Webhook volume and updated fields

Hi,

I wanted to share a challenge we’re running into with product update webhooks and get some input from the team.

Context:

we have an app that reacts to product changes. We need to track product data, variant data, inventory, and metafields on both products and variants. Because of that, we can’t use the built-in de-duplication. We have to listen to every update by subscribing to the update date.

The problem

The problem is that the webhook doesn’t tell us what actually changed. So every time we receive one, we have to pull the full product data from the GraphQL API to figure out if anything relevant happened. For merchants with complex catalogs: many metafields, or some with 2000+ variants on a single product, this gets slow and expensive. Even for simpler catalog, the volume makes it difficult to sustain. We end up fetching a lot of data just to find out nothing meaningful changed.

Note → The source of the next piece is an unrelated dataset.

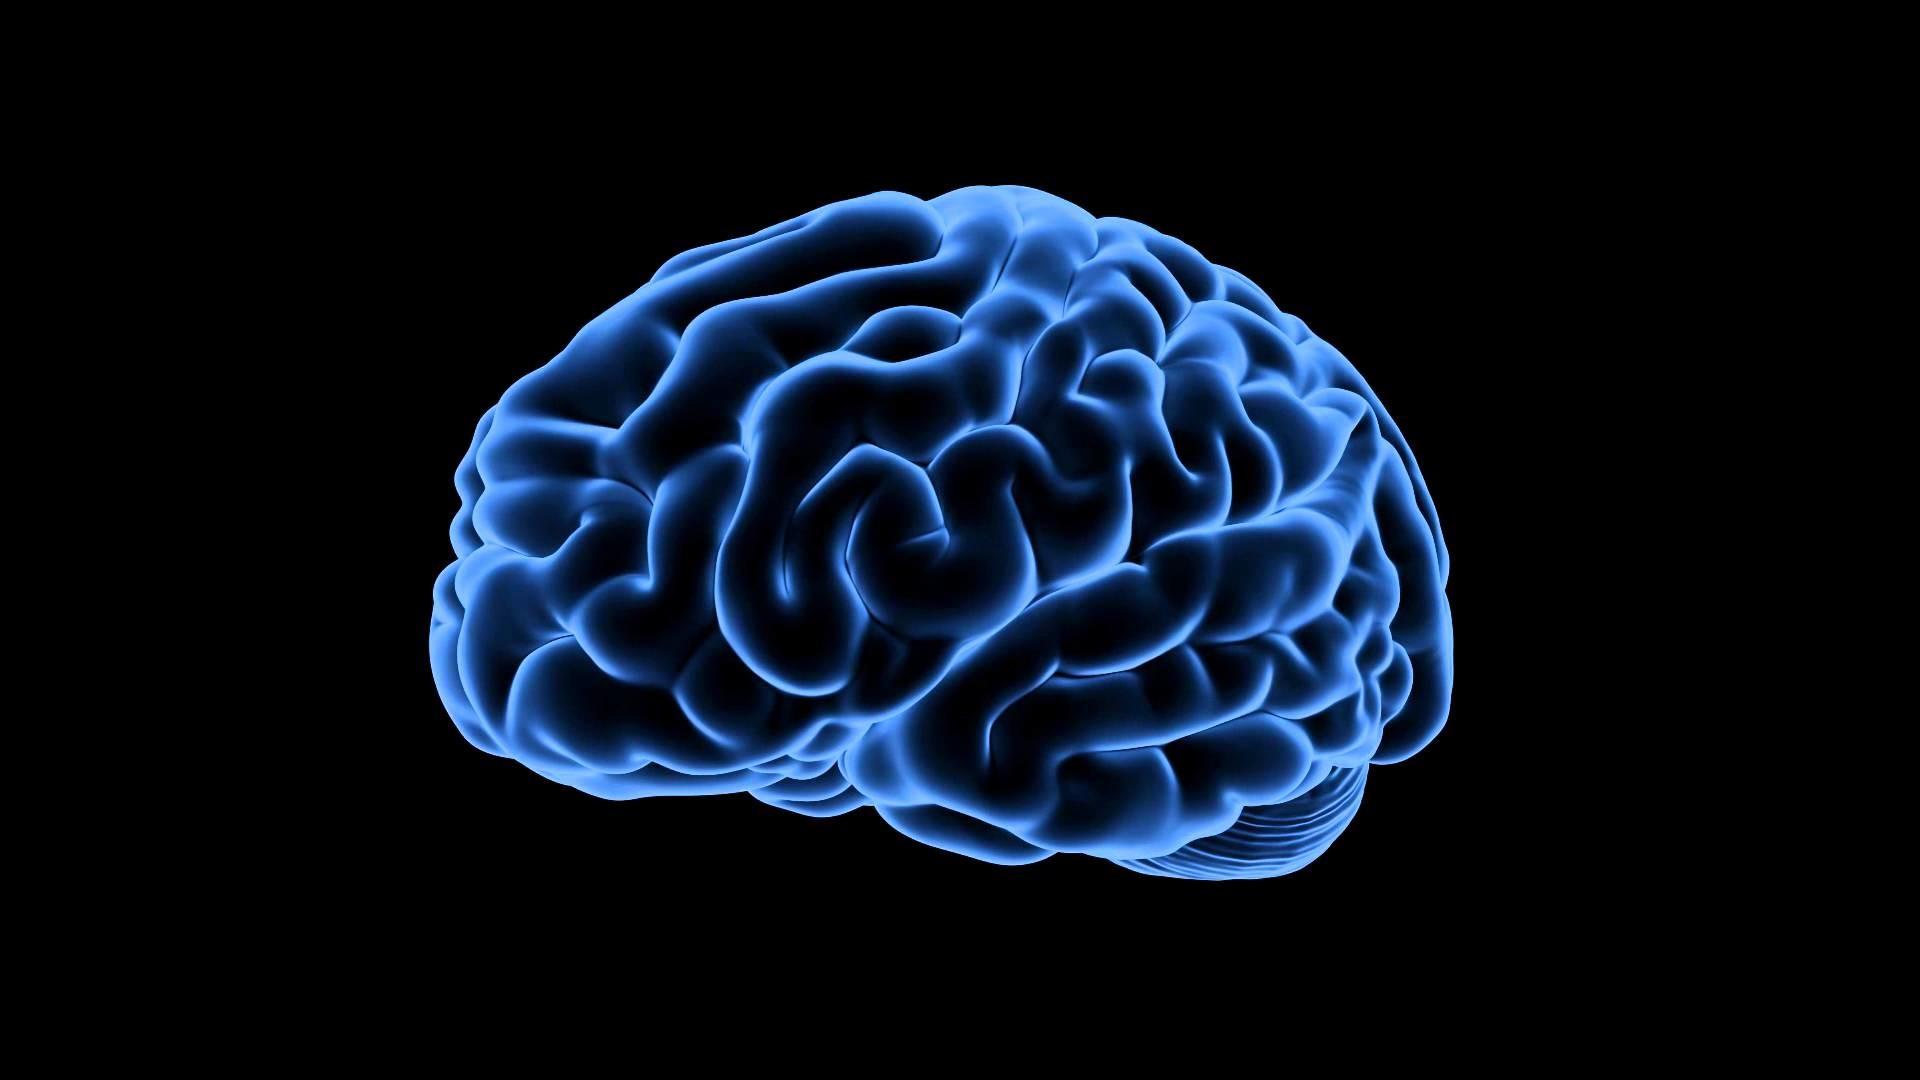 Royalty Free Medical Human Brain HD Footage – Brain ( Blue)360 Degree View  – YouTube

The thing is, everyone ends up paying for those no-op cycles:

  • Us as an app provider: extra server cost fetching data we didn’t need
  • Shopify: unnecessary API requests that could have been avoided
  • The merchant: slower updates, even when nothing actually changed for them

Our estimate is that if we knew what triggered the update (even just which fields changed), we could skip more than 90% of those API calls.

This also connects to pricing. Webhook volume ends up being our biggest infrastructure cost, but it’s not something merchants control directly. Other apps they install can trigger a constant stream of updates. So we can’t (and don’t want to) bill based on that, and we also can’t predict it upfront for a new merchant.

Is there any ongoing work or discussion around including change context in the webhook payload (e.g. which fields were updated)? Or any recommended pattern for filtering no-op webhooks without having to call the API every time that would work when we need nested data from variants, metafields, inventory, etc..?

Thanks in advance

1 Like

Hey @Soufiane_Ghzal , this is a known limitation and something we are aware of. I don’t have a specific timeline to offer at this time (keep an eye on the developers changelog for any changes here), but I will be sure to pass on your feedback as well.

To reduce unnecessary API calls do you currently do local state caching & hashing? This won’t eliminate all redundant fetches, but it could help batch and deduplicate rapid-fire updates. Or you could consider implementing a short debounce window (e.g., 5-10 seconds) per product ID. If multiple updates come in for the same product within that window, you only fetch once.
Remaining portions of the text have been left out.